As of the end of July, Texas had just 1,900 megawatts of installed utility-scale solar capacity, according to ERCOT, but up to 62,000 megawatts' worth of capacity in the queue for the next few years. That potential means that Texas has projects in the works that could eventually increase its solar energy generation by more than 30 times its current capacity.

Now that the price of solar equipment has become competitive in the energy market, Texas can begin to use the trove of wide, flat land in West Texas. The land is ideal for solar power, not only because of the ease of installation and a high number of sunny days a year, but also because much of the land is already connected to the energy grid by existing natural gas and oil projects in the area, Webber said.

“What we have in Texas is this 'can do' spirit and 'let's make money off our land,'” he said.

While all this may sound promising for Texas' renewable energy future, in spite of its high percentage of wind and growing solar capacity, the state still uses a larger percentage of power from natural gas than any other source — 38.3% — and has new projects in the pipeline, according to ERCOT.

But while natural gas does not pollute the atmosphere to the degree that coal does, traditionally extracted natural gas is still a finite resource and cannot be the primary power source for the state forever.

Whereas coal has to be imported from other states, a lot of natural gas is produced here and is easy to turn to for energy. When new facilities are built, the owners expect them to be used and to generate income for years, which risks committing the state to producing a certain percentage of its energy from those facilities, Webber said.

Consequently, increasing Texas' renewable energy production isn't as simple as building more cost-effective wind and solar facilities, he said.

But there are options. Renewable natural gas, known as bio gas, can be pulled from decomposing natural matter in places like landfills, waste water and the atmosphere. This kind of gas is renewable and can be stored in and travel through existing natural gas infrastructure.

Although facility owners might prefer traditional natural gas, and bio gas is fairly expensive currently, new and existing natural gas facilities could use bio gas in the future, Webber said.

“In Texas we have a blessing of resources,” he said.

A low-carbon future for Texas will include a creative and flexible combination of those energy sources.
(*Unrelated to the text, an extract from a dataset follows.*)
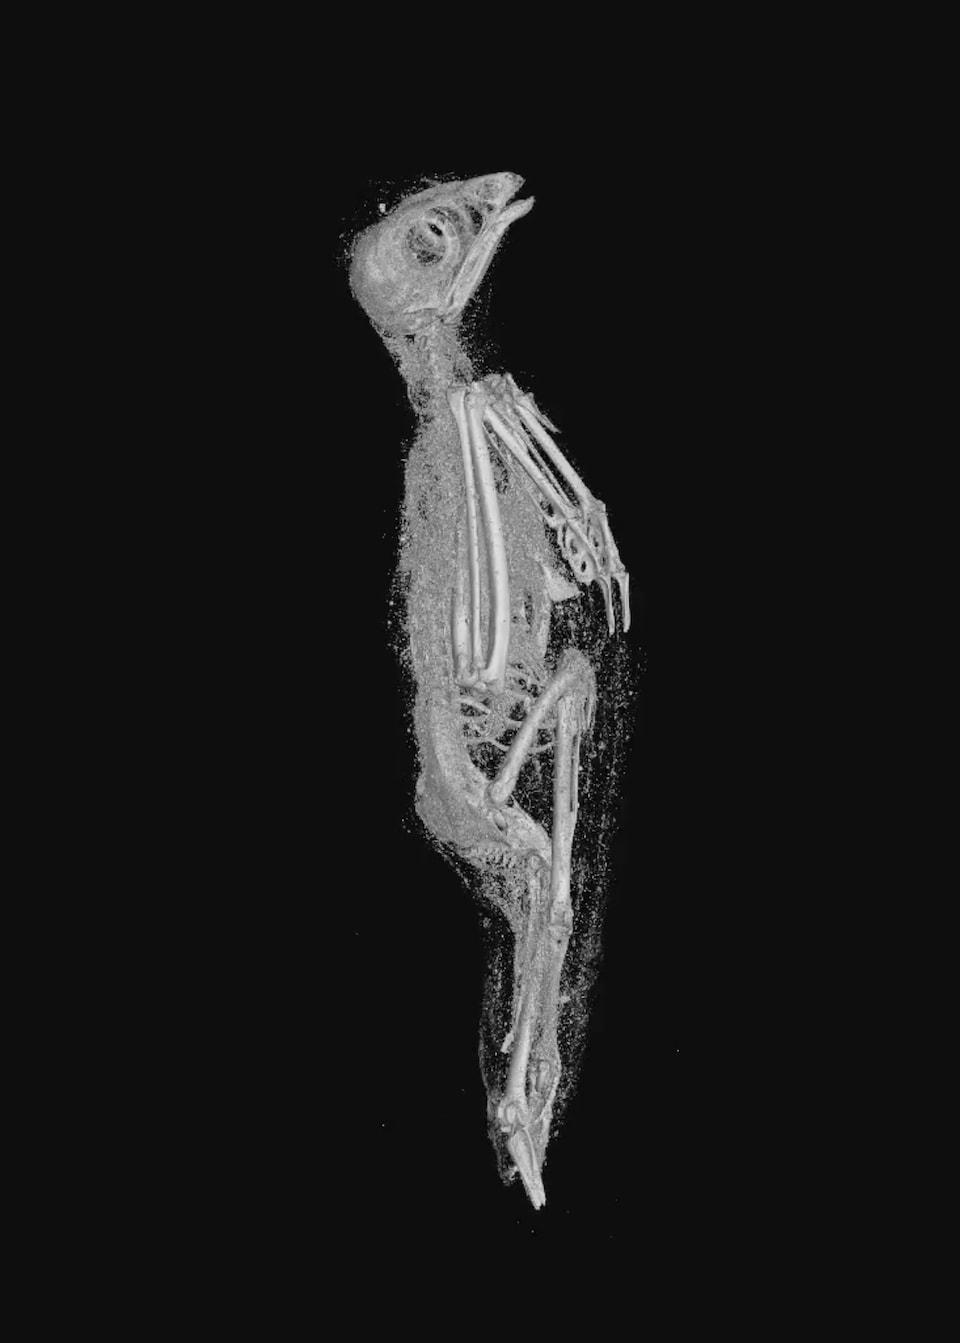 Vue d'un oiseau momifié révélée par l'imagerie 3D.

And while the impact of energy production and pollution happens on a global scale, the limits of local resources should be what drives decisions about future energy plans, Webber believes.

“The solution that works for sunny California might not work for cloudy Vermont,” he said.
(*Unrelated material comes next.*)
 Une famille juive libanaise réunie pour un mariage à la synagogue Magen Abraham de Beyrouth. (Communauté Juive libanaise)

Unfortunately, although Texas has a cornucopia of energy production possibilities, it's not straightforward for the state to become a leading source of energy for the country. There are three power grids: Western, Eastern and Texas, Webber pointed out.

Most of Texas is not set up to transfer power to other parts of the country. Although interconnection would be relatively simple from an engineering perspective, it is complicated from a market and policy standpoint, he said.

Instead, he proposed a different solution. If Texas becomes a leading producer of clean energy, then so too could it become a front-runner in manufacturing and use low-carbon energy to make and export cleaner goods to the rest of the country.